──────── RECORDS FOR THIS EXERCISE ────────

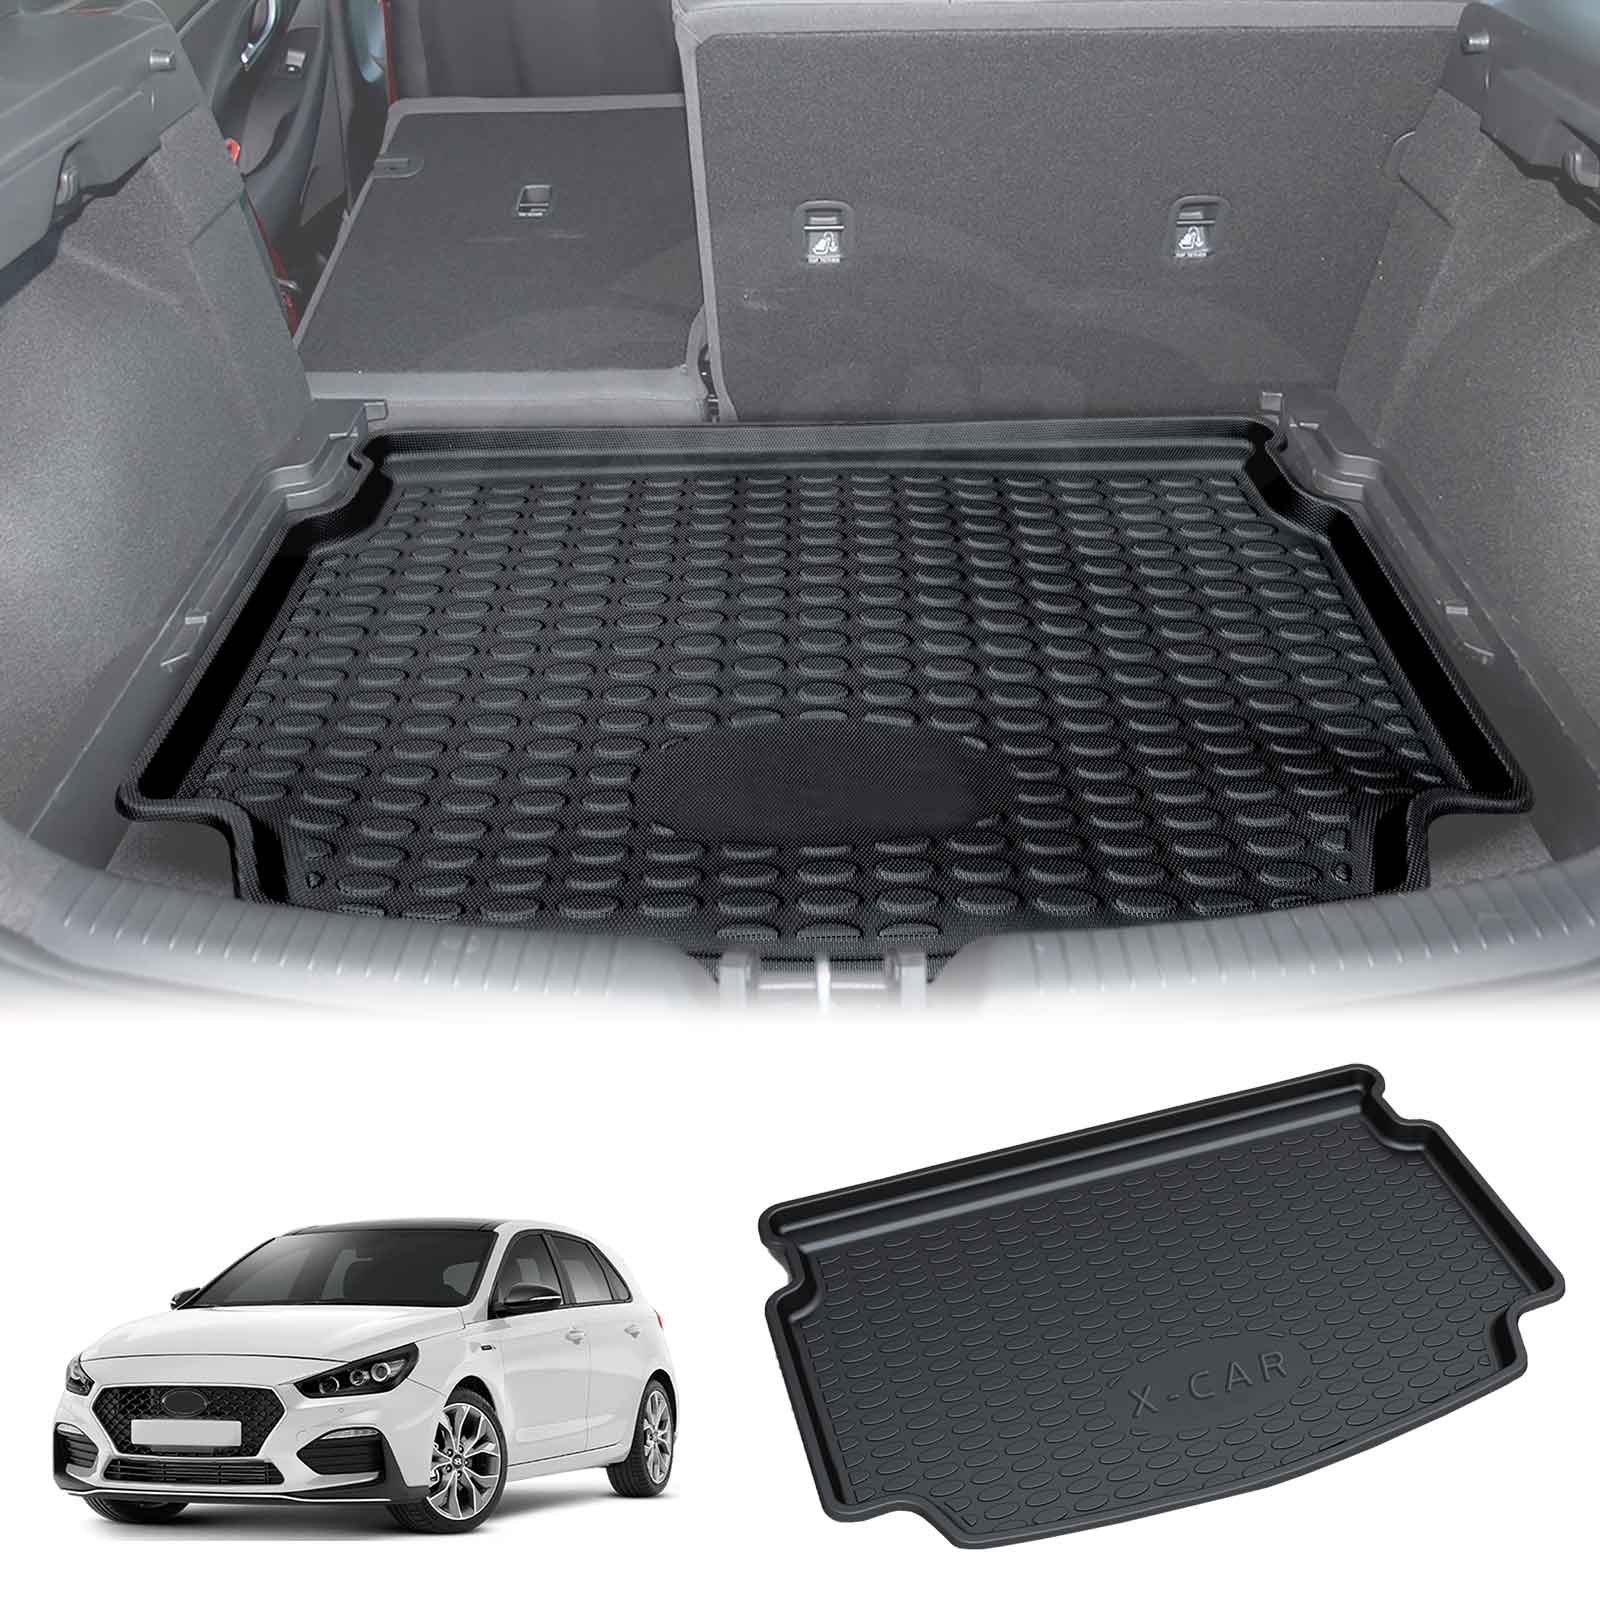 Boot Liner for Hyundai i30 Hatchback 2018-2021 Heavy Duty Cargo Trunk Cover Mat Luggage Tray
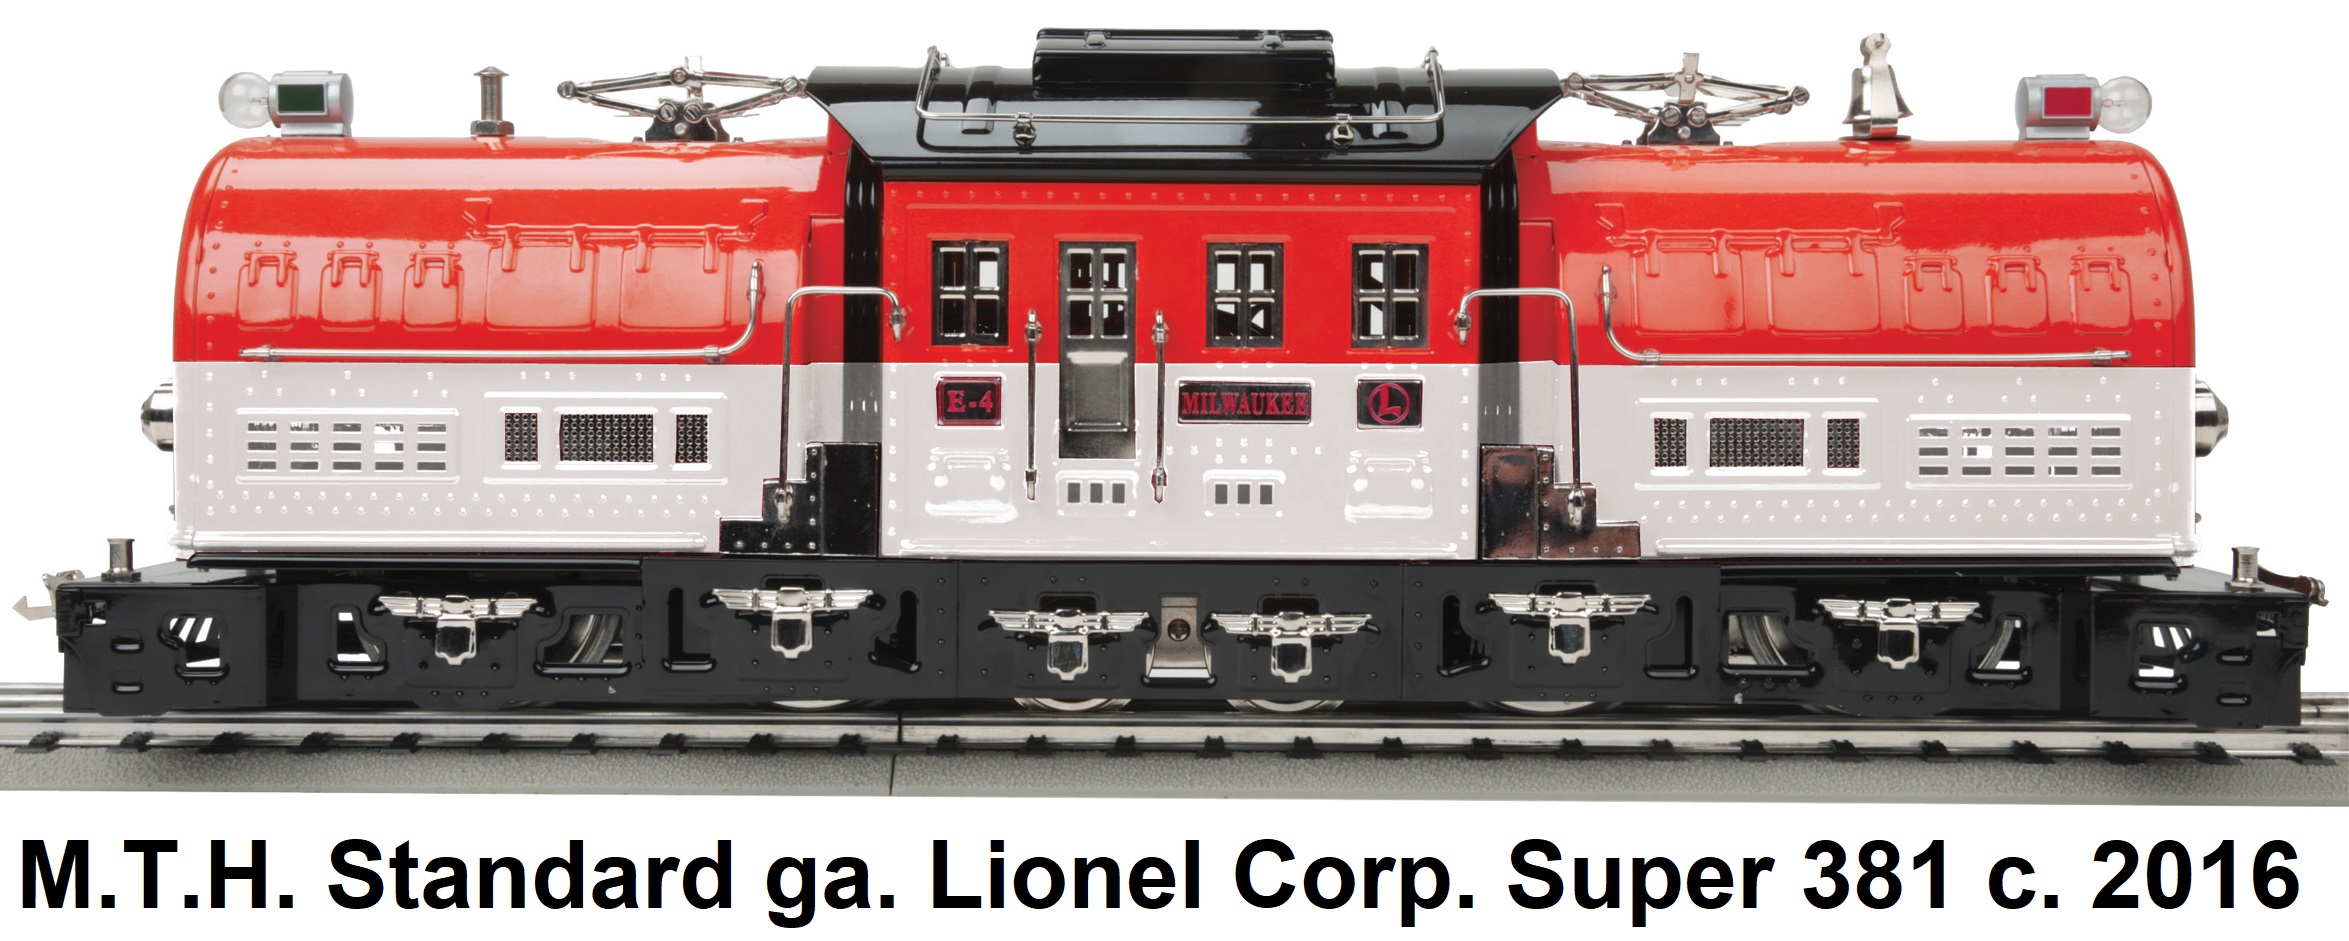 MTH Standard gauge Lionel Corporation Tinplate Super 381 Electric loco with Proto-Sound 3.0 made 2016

────────
──────── RECORDS FOR THIS EXERCISE ────────

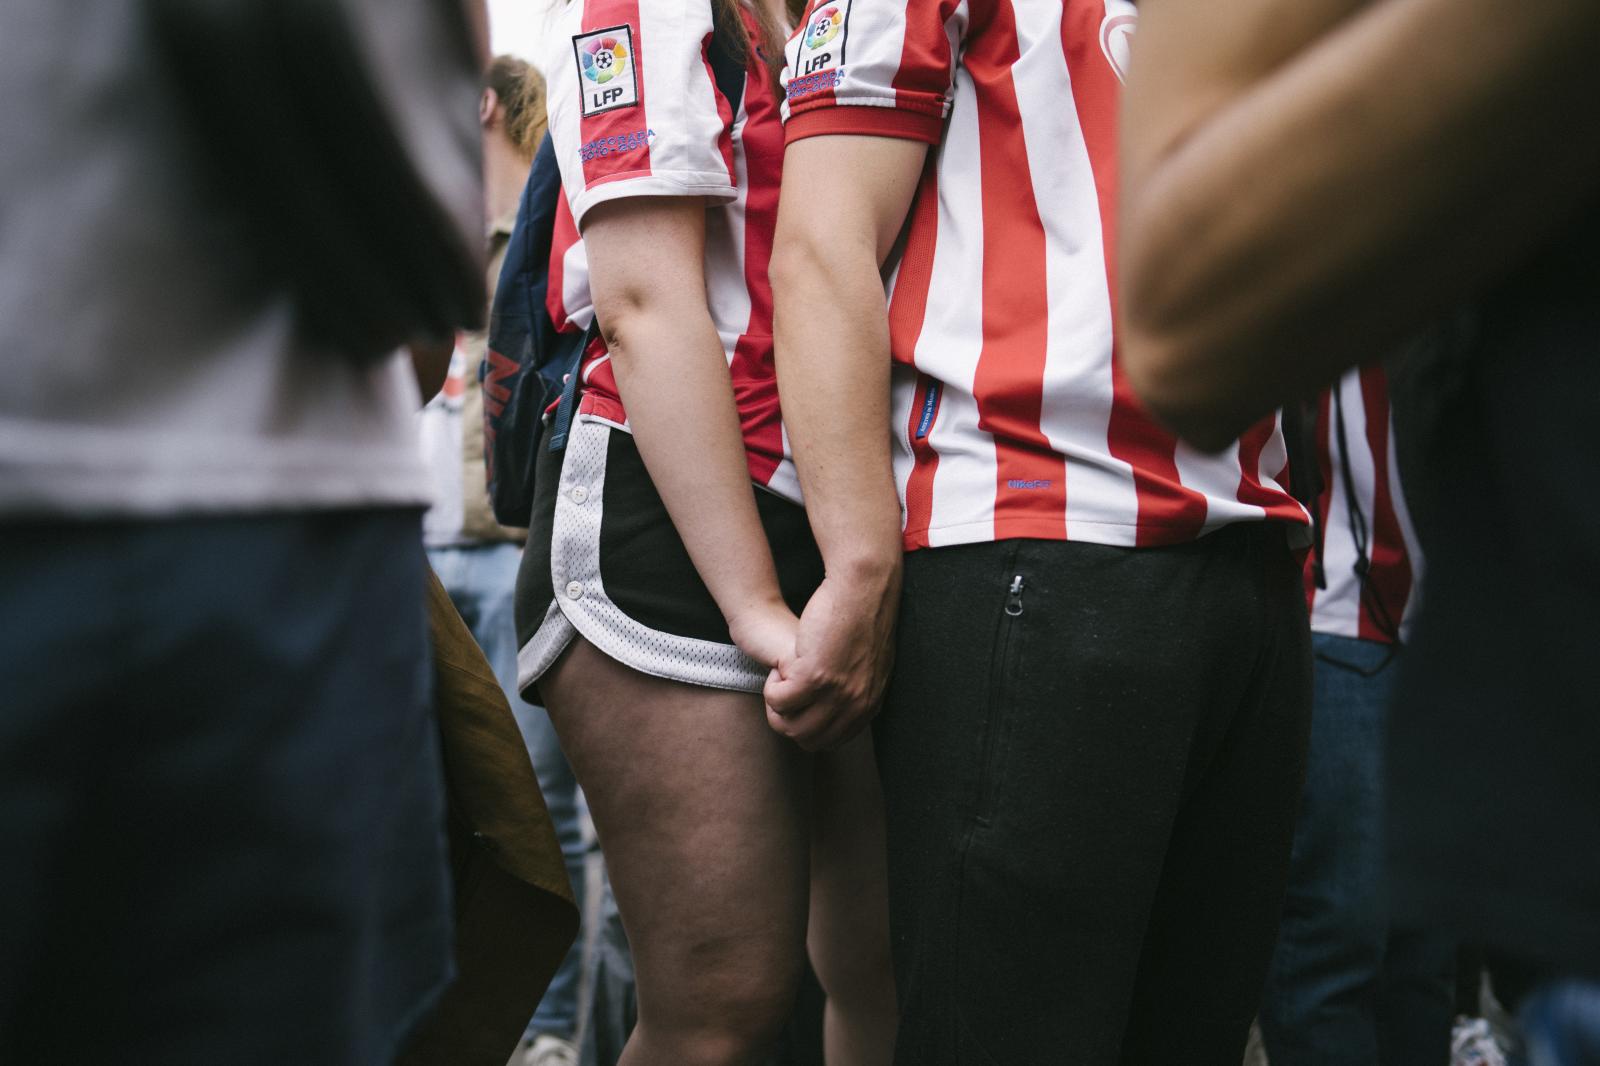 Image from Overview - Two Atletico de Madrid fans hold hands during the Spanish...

────────

◆ **WHAT THE EXERCISE ASKS**:
Starting at the line containing "Boot Liner for" and stopping at the line containing "MTH Standard gauge", output every line above exactly, both ends included, with pictures omitted.

◆ **RESPONSE**:
 Boot Liner for Hyundai i30 Hatchback 2018-2021 Heavy Duty Cargo Trunk Cover Mat Luggage Tray
 MTH Standard gauge Lionel Corporation Tinplate Super 381 Electric loco with Proto-Sound 3.0 made 2016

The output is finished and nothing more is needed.